▶ [DATA BLOCK]
..............................

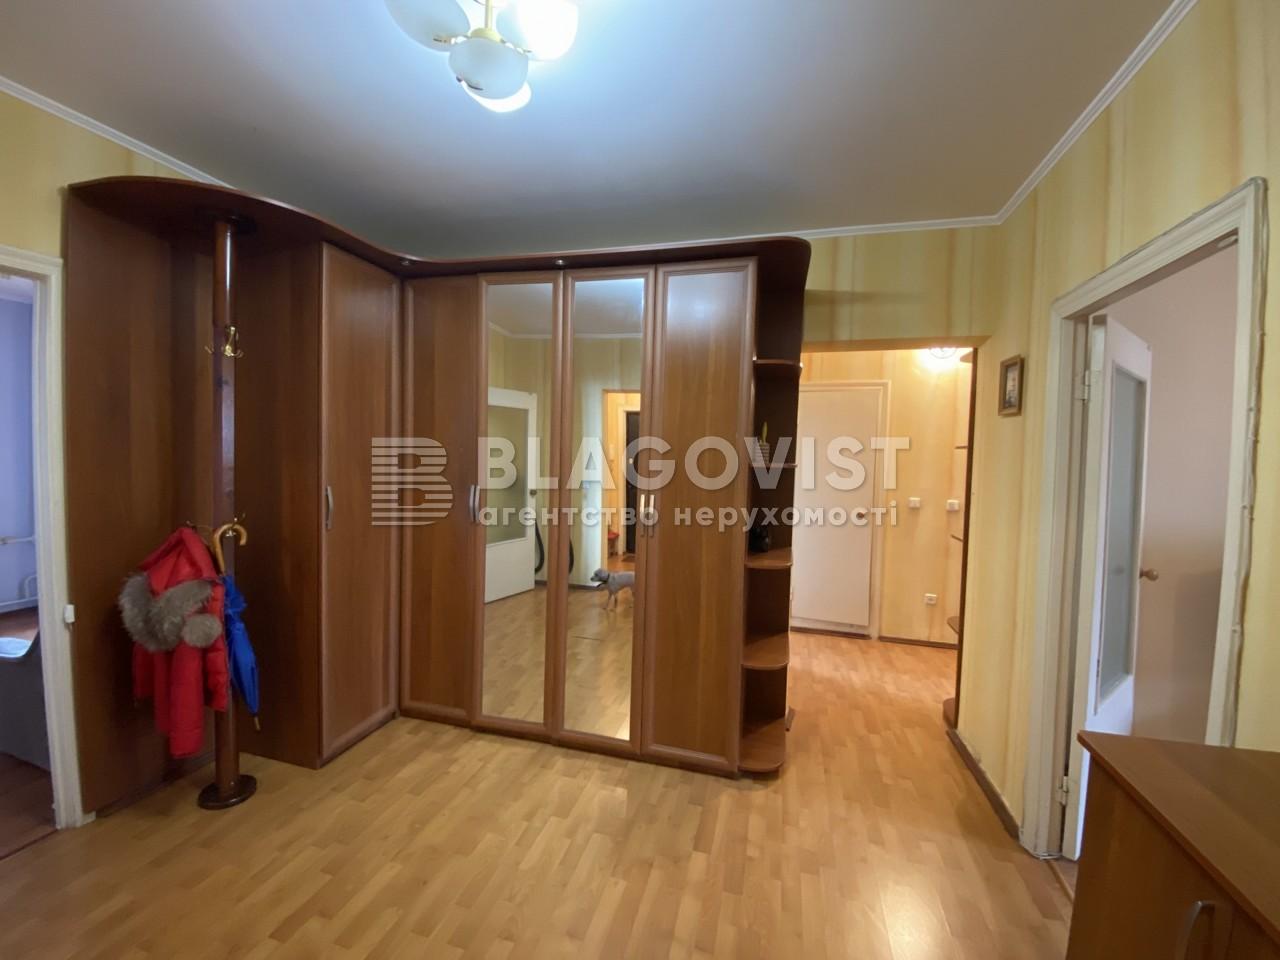 Квартира F-44579, Ревуцкого, 7, Киев - Фото 16
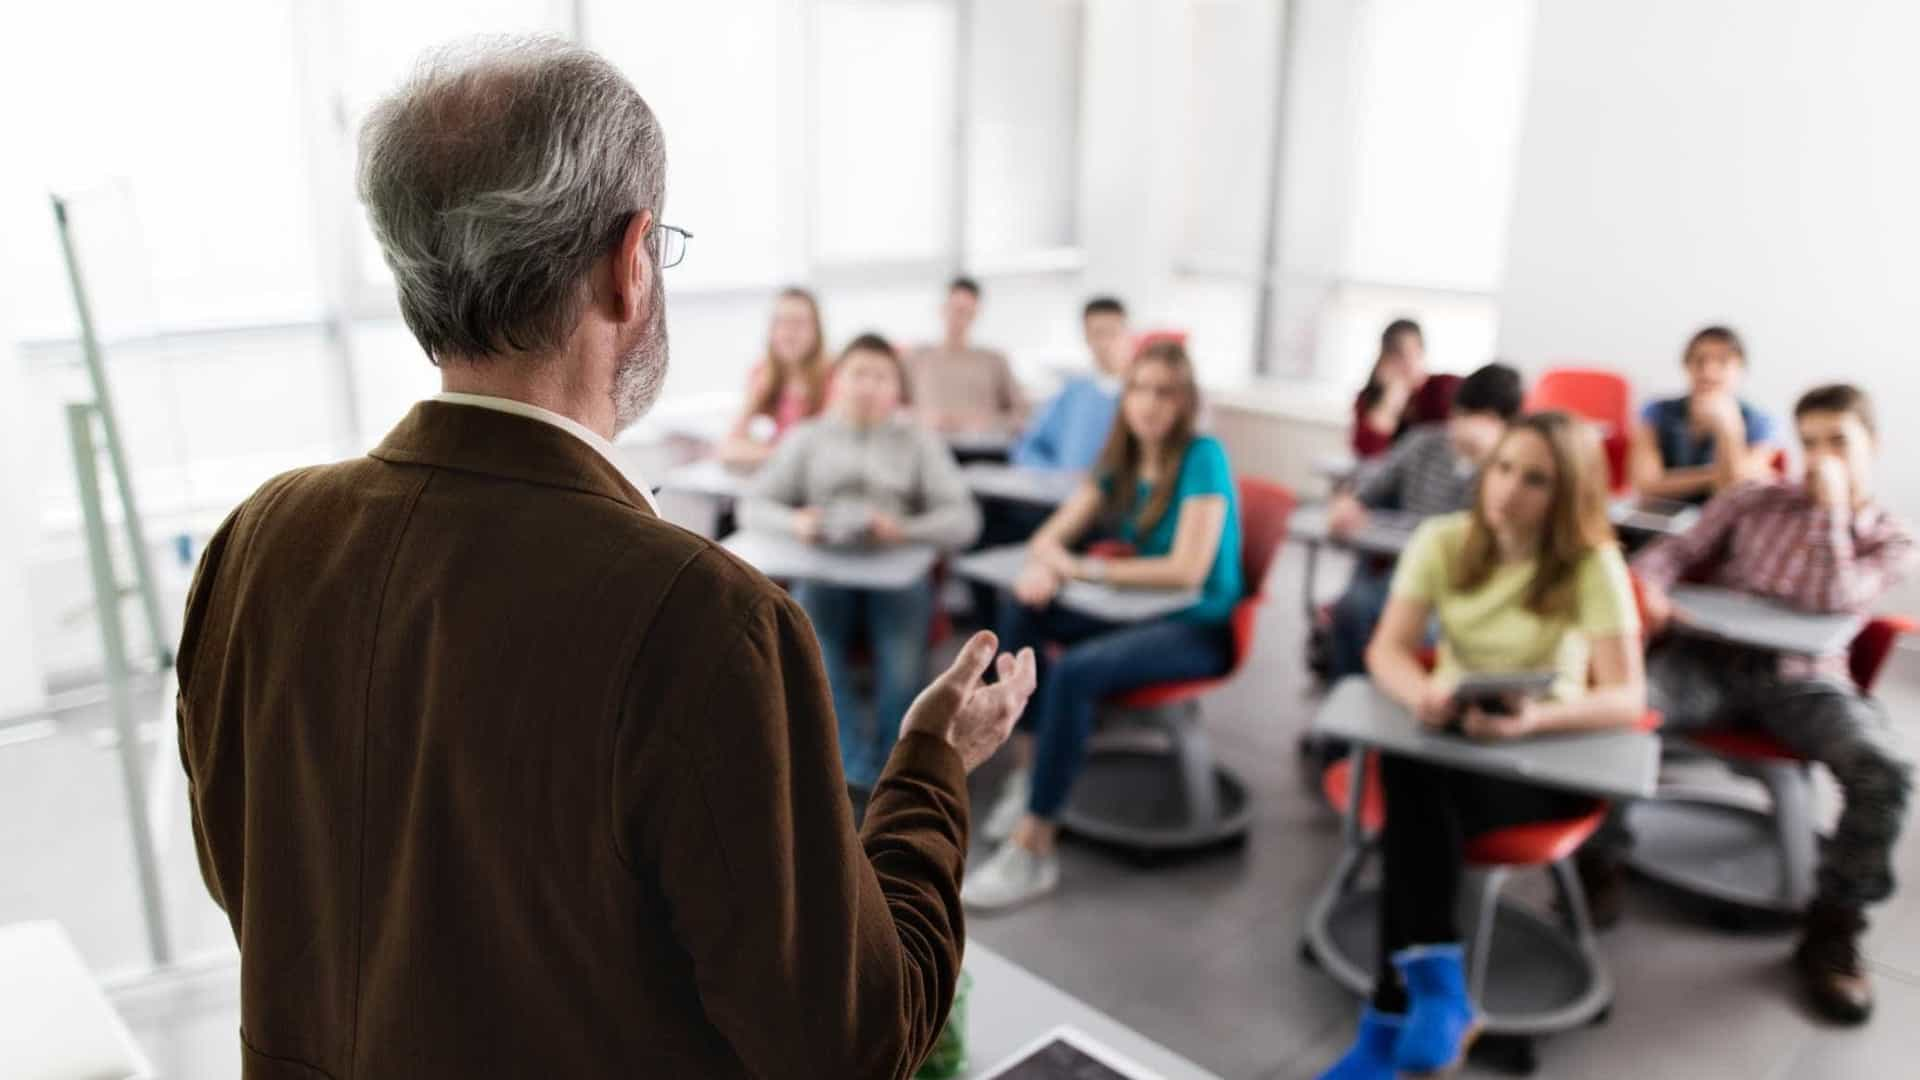 Escolas particulares vão dispensar em 2019 nova idade para fundamental
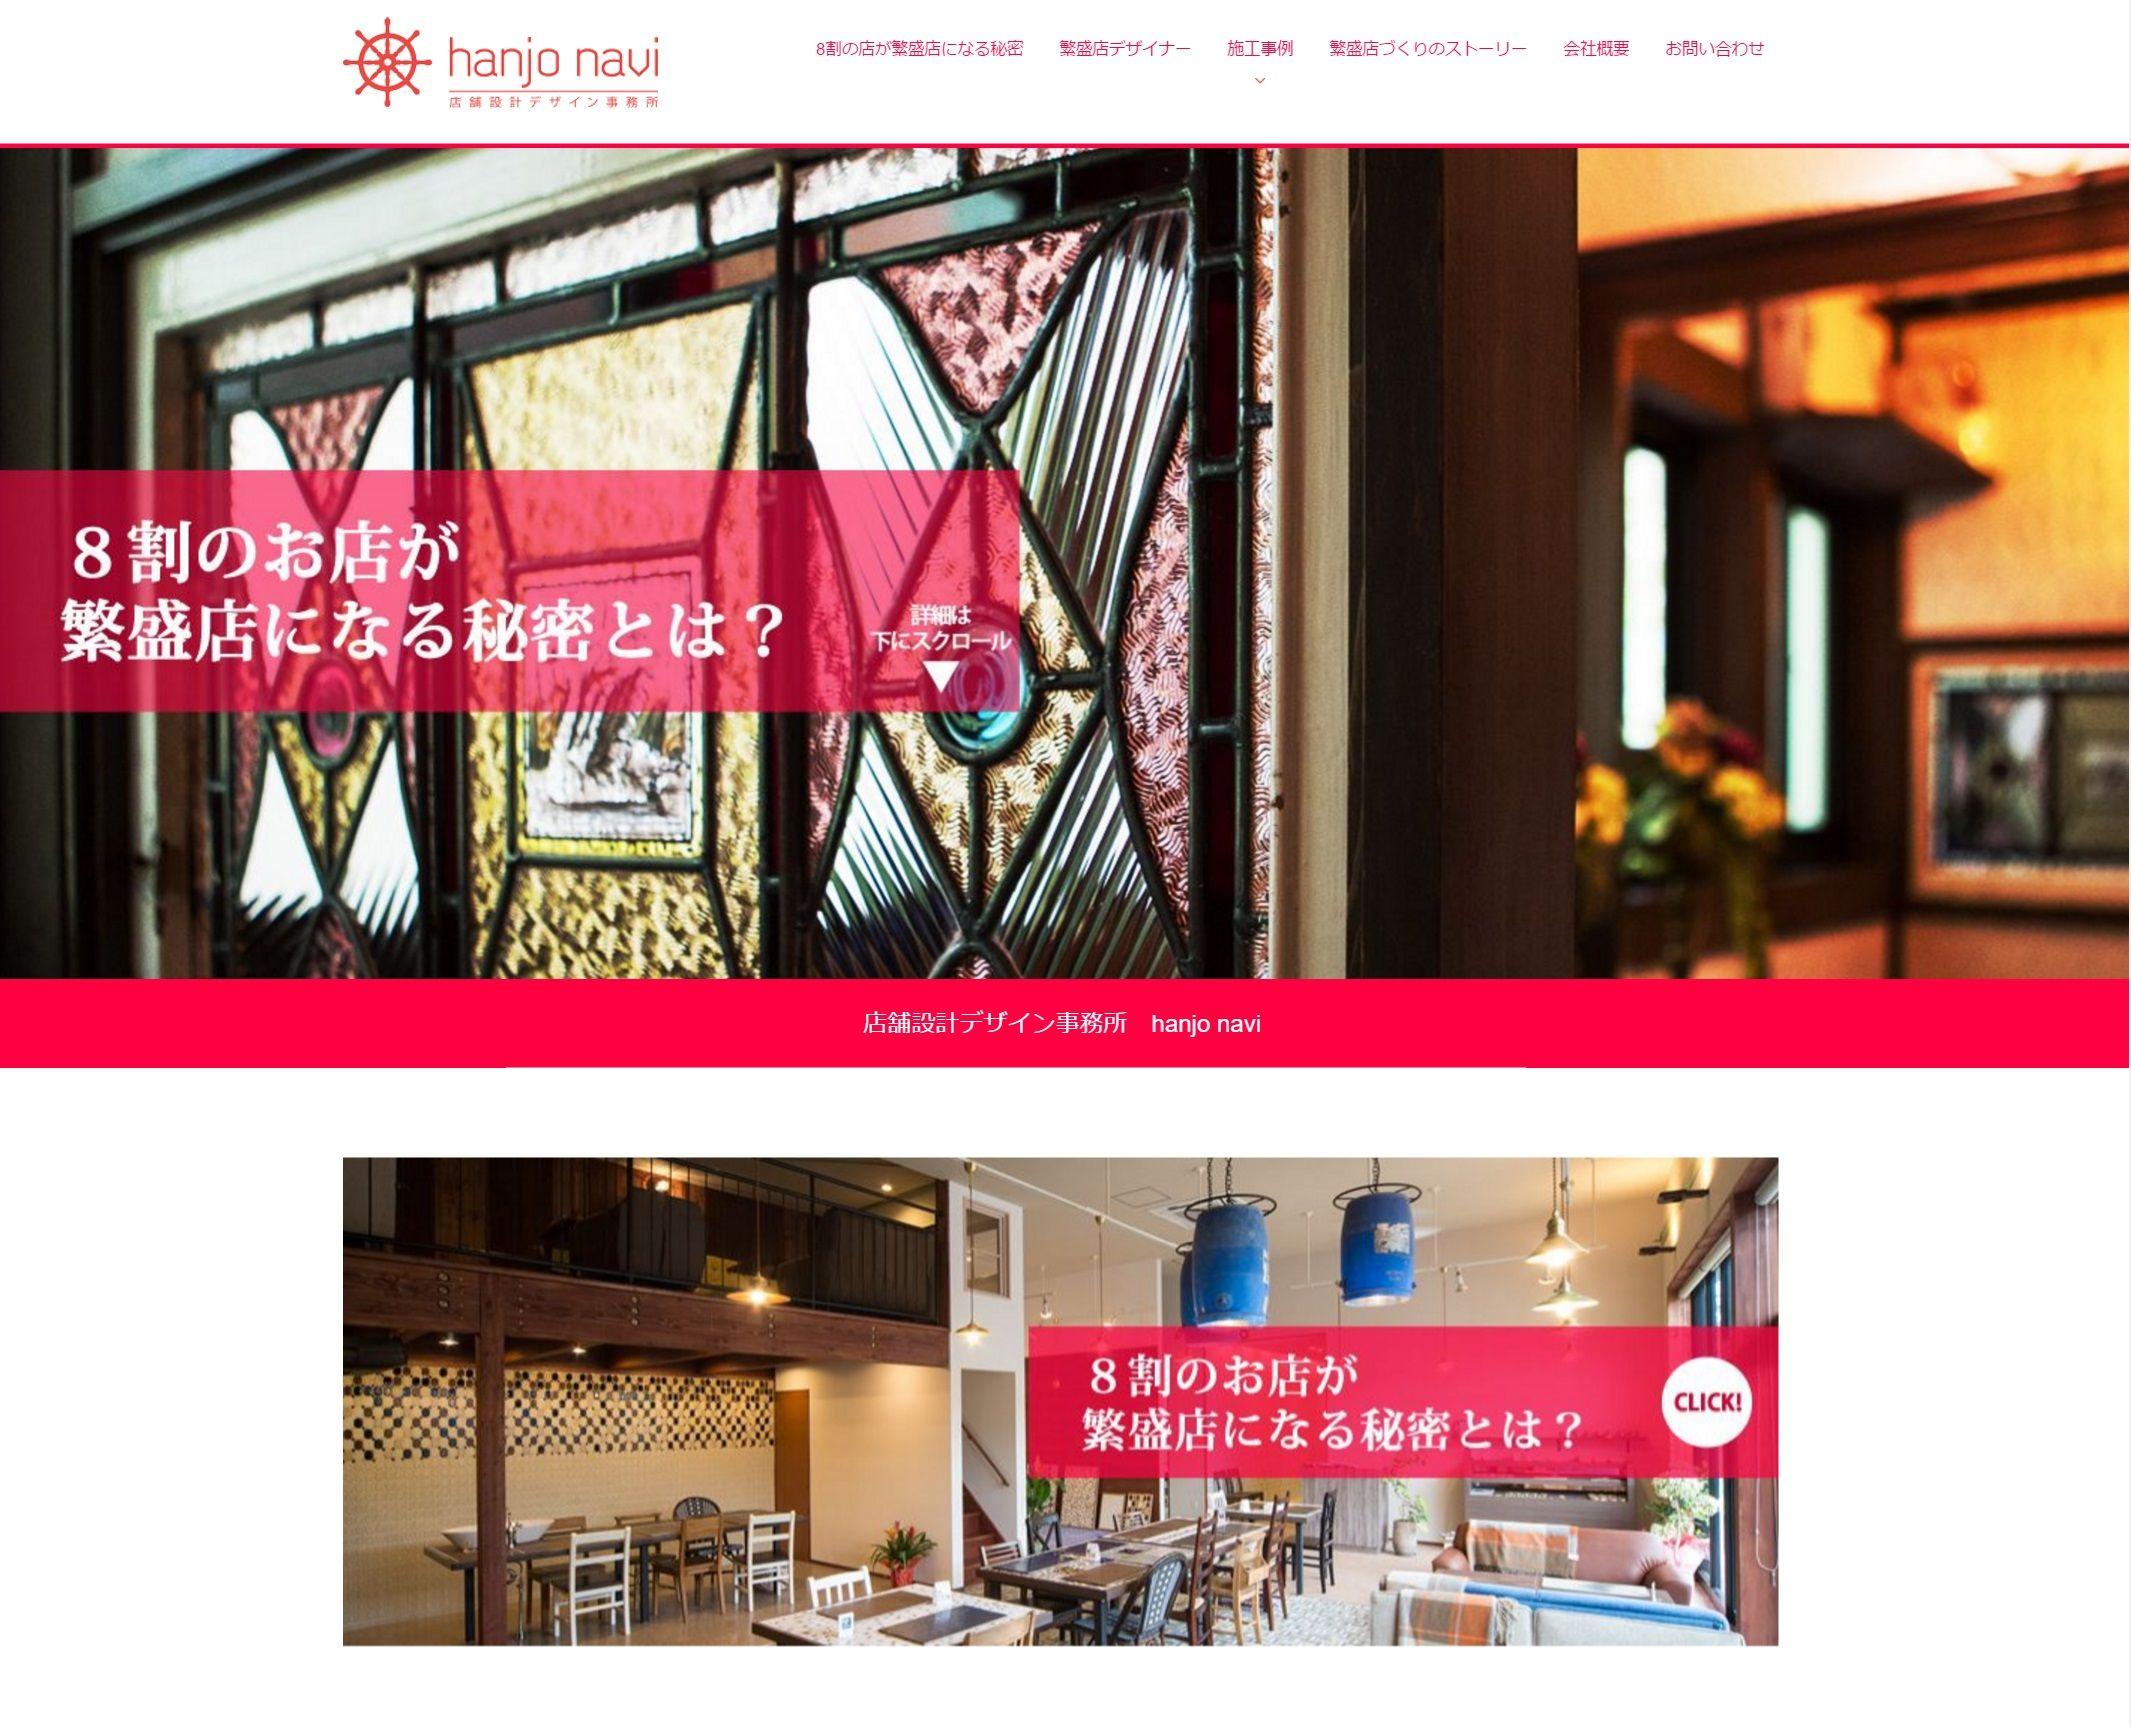 店舗デザインに特化した新サービス【hanjo navi】ウェブサイトを公開しました。

..............................

▶ [EXERCISE DETAILS] Transcribe exactly the line containing "Escolas particulares vão" and every line after it through the end of the listing above; pictures are not part of the copy.

▶ [WORKED SOLUTION]
 Escolas particulares vão dispensar em 2019 nova idade para fundamental
 店舗デザインに特化した新サービス【hanjo navi】ウェブサイトを公開しました。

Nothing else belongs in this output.